A third scenario assumes military intervention like the NATO operation in Libya. But Syria is not Libya. Syria has a population density more than 30 times greater, leverage over Hizballah in Lebanon, and far stronger military forces. Hence military intervention would require a far more advanced operation than was the case in Libya and would risk high civilian casualties. In addition, should intervention take place, Iran and its allies would undertake potentially destabilizing action inside and outside Syria reminiscent of the cycle of violence in Iraq in the wake of the United States invasion.
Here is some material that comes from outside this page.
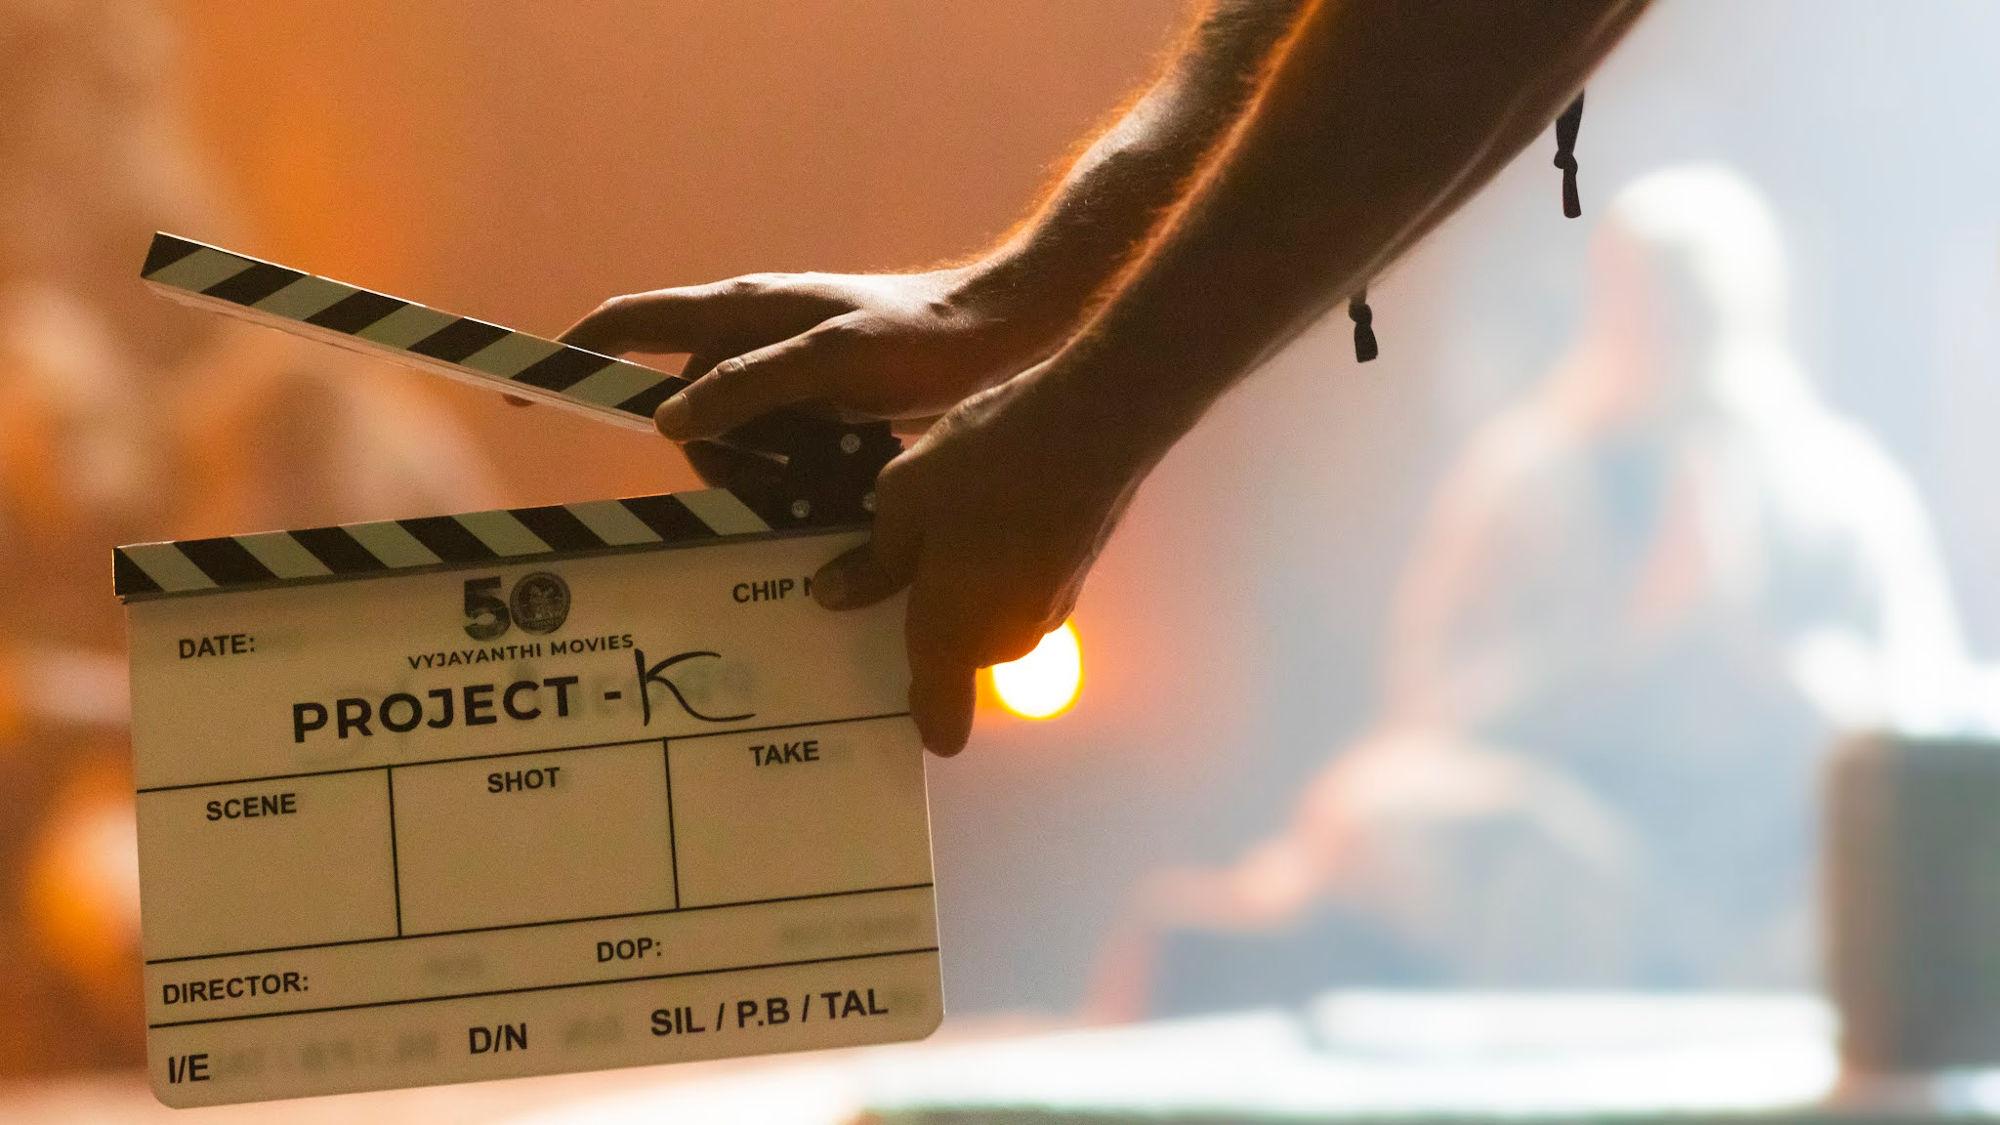 Amitabh Bachchan Starts Shooting For Prabhas, Deepika Padukone, Nag Ashwin, Vyjayanthi Movies Film

Intervention would also be welcomed by al-Qaeda in the hope that it would in turn incite popular uprisings that would open the way for the jihadists eventually to take power.
In scenario number four, the US, NATO and other allies create humanitarian corridors and/or designate safe havens guarded by the Free Syrian Army to provide relief to the Syrian population and dissident groups. The Turkish prime minister has suggested creating buffer zones for similar purposes. The problem is that the FSA is not capable of confronting coordinated attacks by the loyal Syrian army. If NATO sends peacekeeping troops, they can either be held hostage by the Syrian army or would eventually have to engage them in battle. NATO implemented a similar plan in Bosnia in the mid-1990s, but this did not prevent the massacre of thousands of Bosnians and eventually developed into a much larger military intervention.
The fifth scenario is arming the opposition, as Saudi Arabia and Qatar have suggested. Though this may be the easiest course of action, it could cause regional spillover into Lebanon, Turkey, Iraq and Jordan and fracture Syria along sectarian lines. A divided Syria would become an arena for Iranian-Saudi struggle (reflecting Shiite-Sunni tensions). Syria would slide to the edge of civil war as Iraq did in 2004-2007. But with no decisive third party forces in the country as was the case in Iraq, escalation to full-scale civil war similar to Lebanon in the 1970s and 1980s seems very probable. The main side-effect of such a scenario is that the majority of the rebels would become increasingly radical, allowing al-Qaeda and other terrorist groups to gain a foothold in Syria. This in turn would determine the shape of post-Assad Syria.
The US, Saudi Arabia and other countries are weighing whether they can weaken Iran geopolitically by weakening Syria – via military intervention, arming the rebels, or creating secure zones. The consequences of such policies would be disastrous for Syria’s neighbors and specifically for Iraq. The most significant regional jihadist presence lies across the Syrian border in Iraq. Syria supported these insurgents from 2003 to 2007. The consolidation of Iraqi government power has greatly weakened but not eliminated them. If extremists dominate the post-Assad government or if Syria becomes a failed state, then the risk of a jihadist revival in this area threatening the stability of Iraq would be very real.
That is why Iraq hopes to find a solution in which reforms lead to peaceful transformation of the regime in Syria without a security vacuum or prolonged violence. The current effort by Kofi Annan, the United Nations-Arab League envoy for the Syrian crisis, could be the basis of such a solution. It would save thousands of Syrian lives during the transformation process and save more lives of Syrians, Iraqis and others in the aftermath.